In the past there has often been the debate around ‘great academics vs great teachers’. Some have claimed that there is no correlation between a great academic mind and a great teacher; others claim that, on the contrary, often the best academics are also the most able to simplify, clarify and convey the most difficult and important concepts. I have usually been in the second of these two camps. I have faith that the very  best thinkers, the Einsteins, the Feynmans, the Dawkins, the Chomskys, the E H Gombrichs, and so on, are also the best teachers. It is the extraordinary grasp of their subjects that allows these thinkers both to push ahead to the next level of research and  to teach others the essentials of what they know, so that their students too can make the next, exciting steps.

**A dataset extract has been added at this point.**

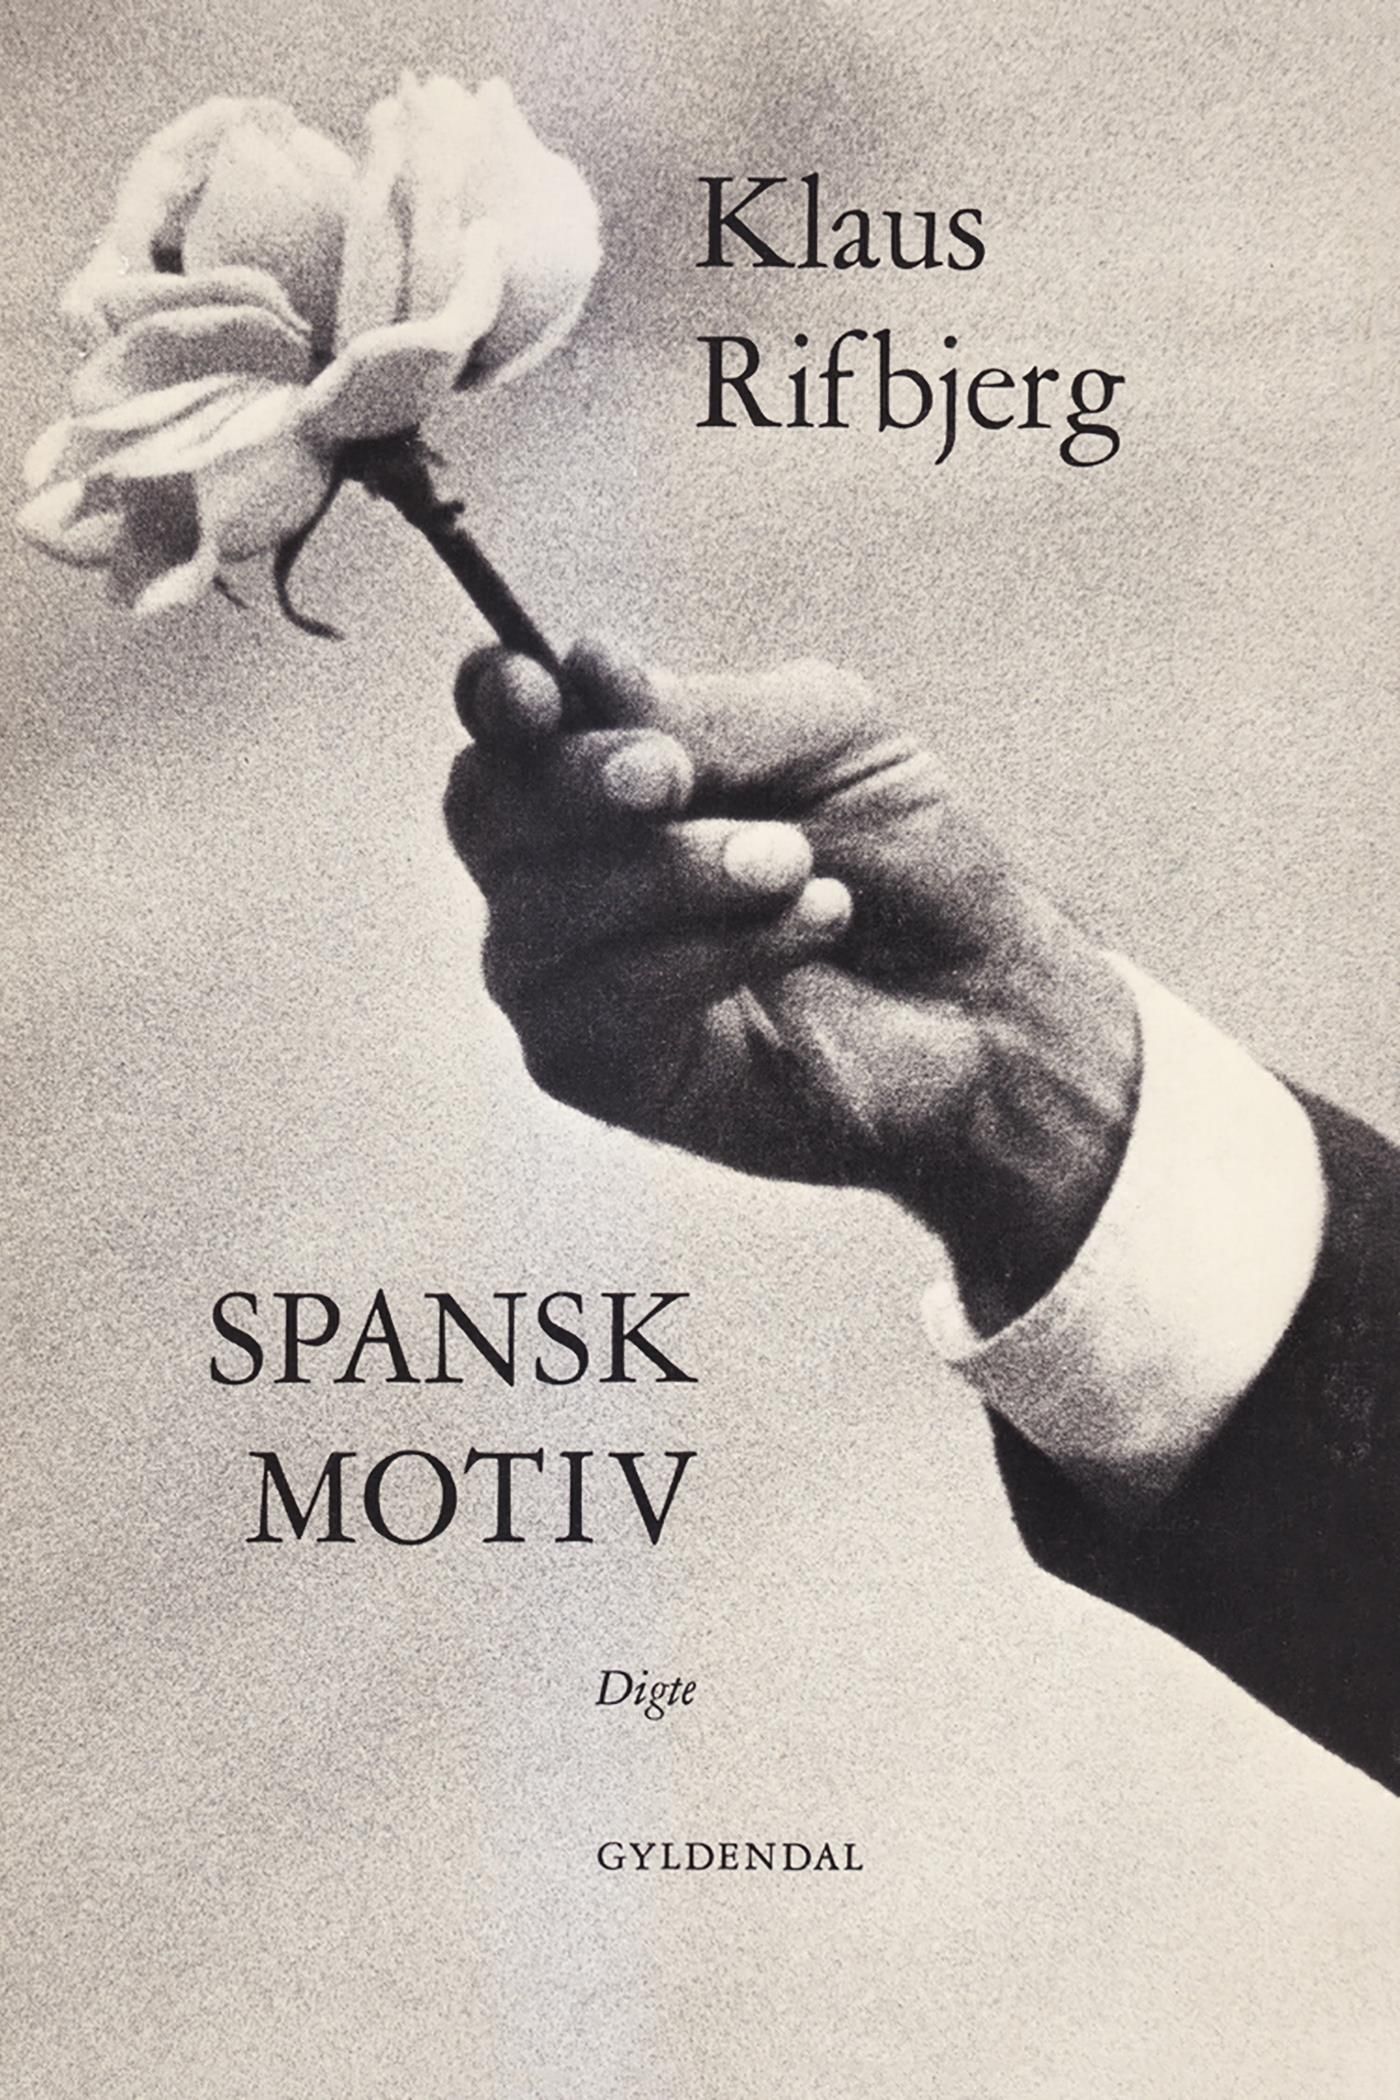 Spansk motiv, e-bok av Klaus Rifbjerg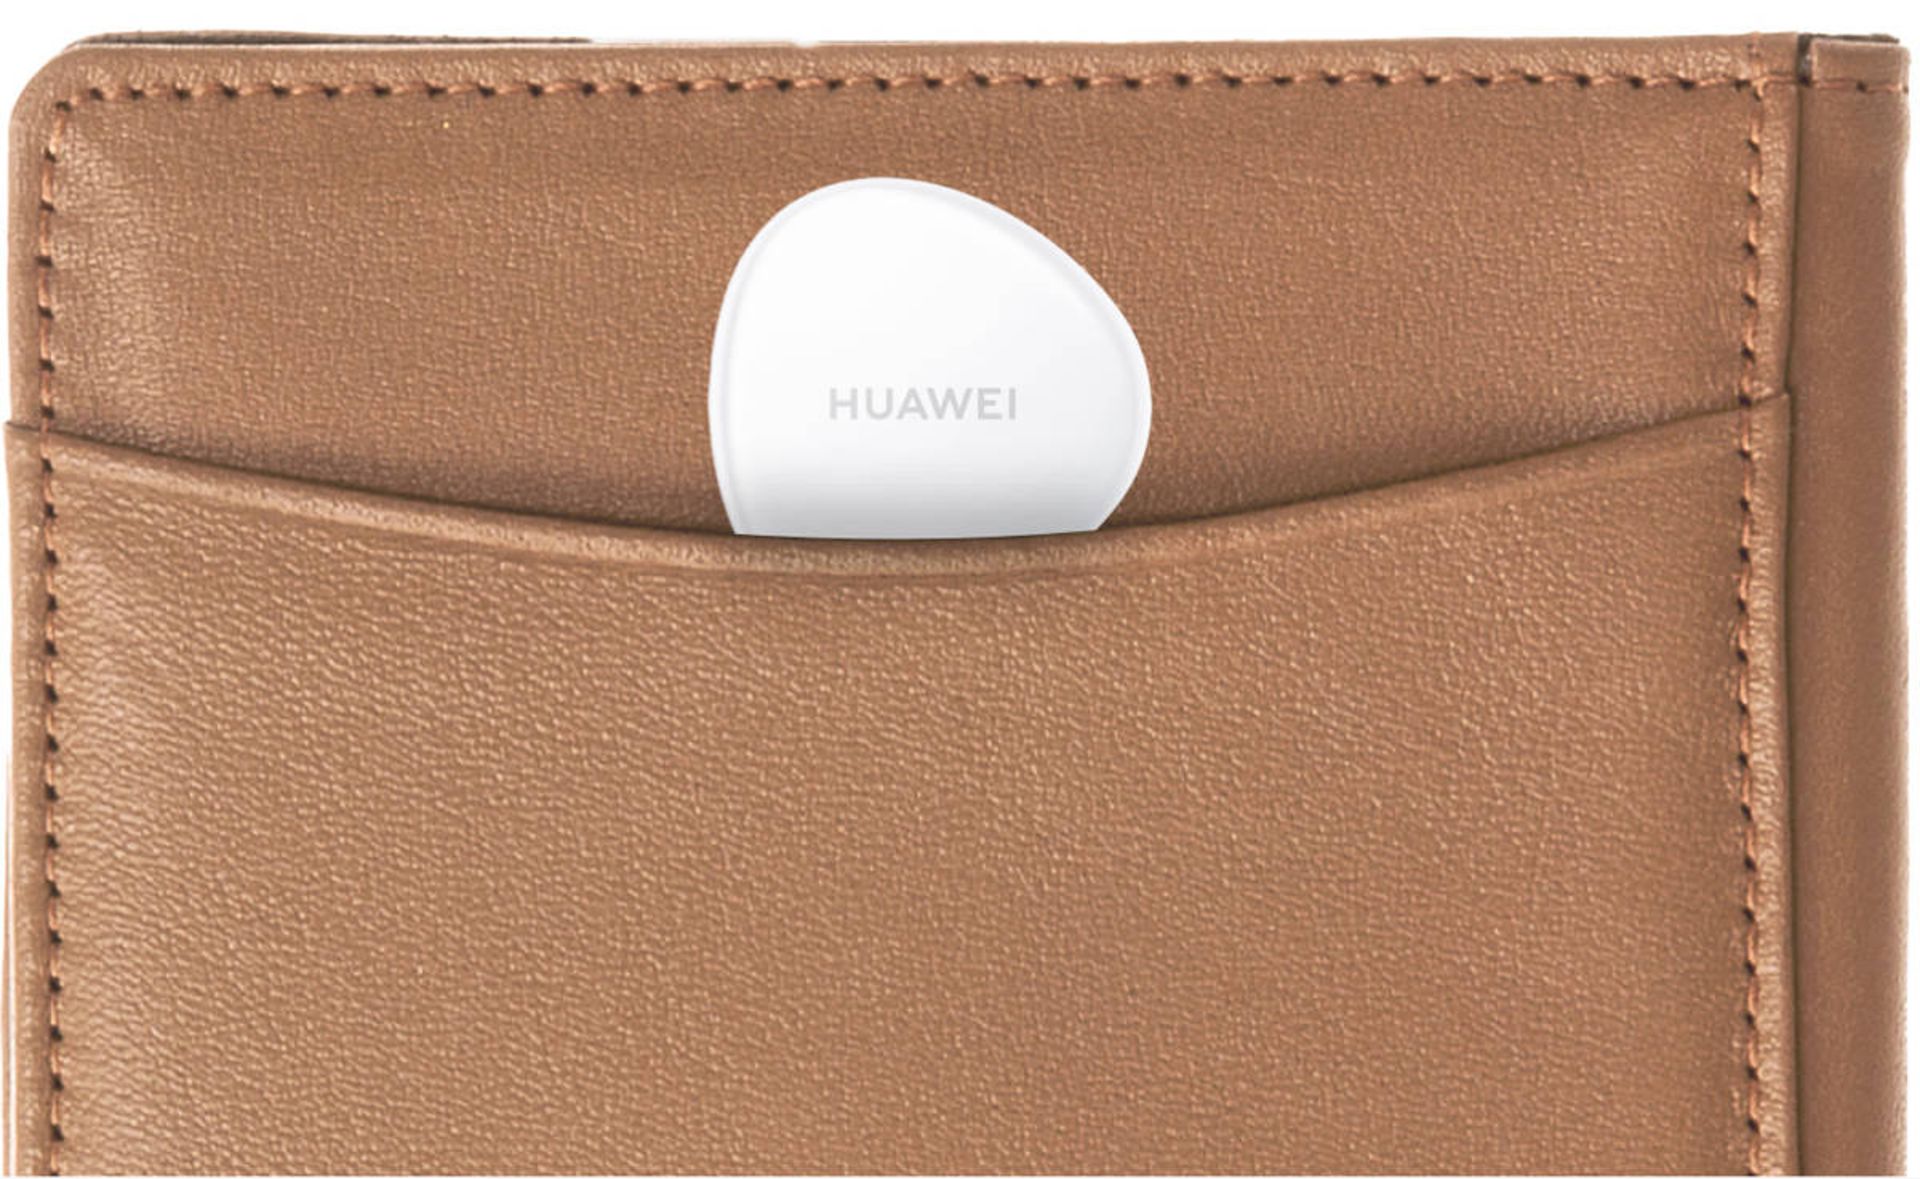 ردیاب هوشمند هواوی تگ / Huawei Tag در داخل کیف

But we now, all of us with decent internet access, have the opportunity to see, hear and read all the best contemporary thinkers. Why settle for anything less than the very best? Why settle, as it were, for a half decent lecturer at your university when you could get the very best online and then work through their lectures with someone who is expert in using these online sources to further your understanding in a way that could well give you a better learning experience than being at such a lecture ‘in the flesh’?

This presents a challenge to any lecturers who are other than the very best. But, in the phrase that has become a cliche, this challenge also presents an opportunity – in this case to the great new users of modern media, those who are able to use web 2.0 and its fantastic wealth of resources to enrich and enhance the information passed on by great experts.

What these new sorts of teachers and facilitators need is not necessarily an equivalent level of expertise to that of the famous expert, but they need enough expertise to understand the lecture in some depth and then to capitalise on that for the benefit of their students. These teachers are part librarians, part coaches, part summarisers, part editors, part provocateurs – and, of course, they must be inspirational in their own way, as all good teachers must be. These qualities constitute, no doubt, a new sort of expertise all of its own. But it is different to what came before.

The new teachers do not need to be academic experts in the sense previously understood. Web 2.0 moves us to another place where the greatest lecturers can speak directly to students anywhere. The great teachers of web 2.0 take those resources and, using enough expertise in the subject, plus an entirely new sort of expertise born of the internet, provide learning and understanding of the highest level for their students.